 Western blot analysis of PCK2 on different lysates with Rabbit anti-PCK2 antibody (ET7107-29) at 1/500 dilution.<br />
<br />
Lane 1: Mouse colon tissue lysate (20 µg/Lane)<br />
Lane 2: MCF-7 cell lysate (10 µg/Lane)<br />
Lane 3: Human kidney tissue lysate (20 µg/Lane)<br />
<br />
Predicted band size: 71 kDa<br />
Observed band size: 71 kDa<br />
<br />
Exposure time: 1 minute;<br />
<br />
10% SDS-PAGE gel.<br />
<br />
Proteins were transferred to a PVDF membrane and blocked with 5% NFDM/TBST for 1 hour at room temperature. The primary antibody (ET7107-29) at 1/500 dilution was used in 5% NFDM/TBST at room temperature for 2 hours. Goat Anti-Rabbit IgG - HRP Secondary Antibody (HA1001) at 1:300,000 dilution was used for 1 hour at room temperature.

## REQUIRED ACTION
Starting at the line that contains "Exposure time: 1 minute;<br />", write out every line through the end of the entries, exactly and with nothing added.

## TASK SOLUTION
Exposure time: 1 minute;<br />
<br />
10% SDS-PAGE gel.<br />
<br />
Proteins were transferred to a PVDF membrane and blocked with 5% NFDM/TBST for 1 hour at room temperature. The primary antibody (ET7107-29) at 1/500 dilution was used in 5% NFDM/TBST at room temperature for 2 hours. Goat Anti-Rabbit IgG - HRP Secondary Antibody (HA1001) at 1:300,000 dilution was used for 1 hour at room temperature.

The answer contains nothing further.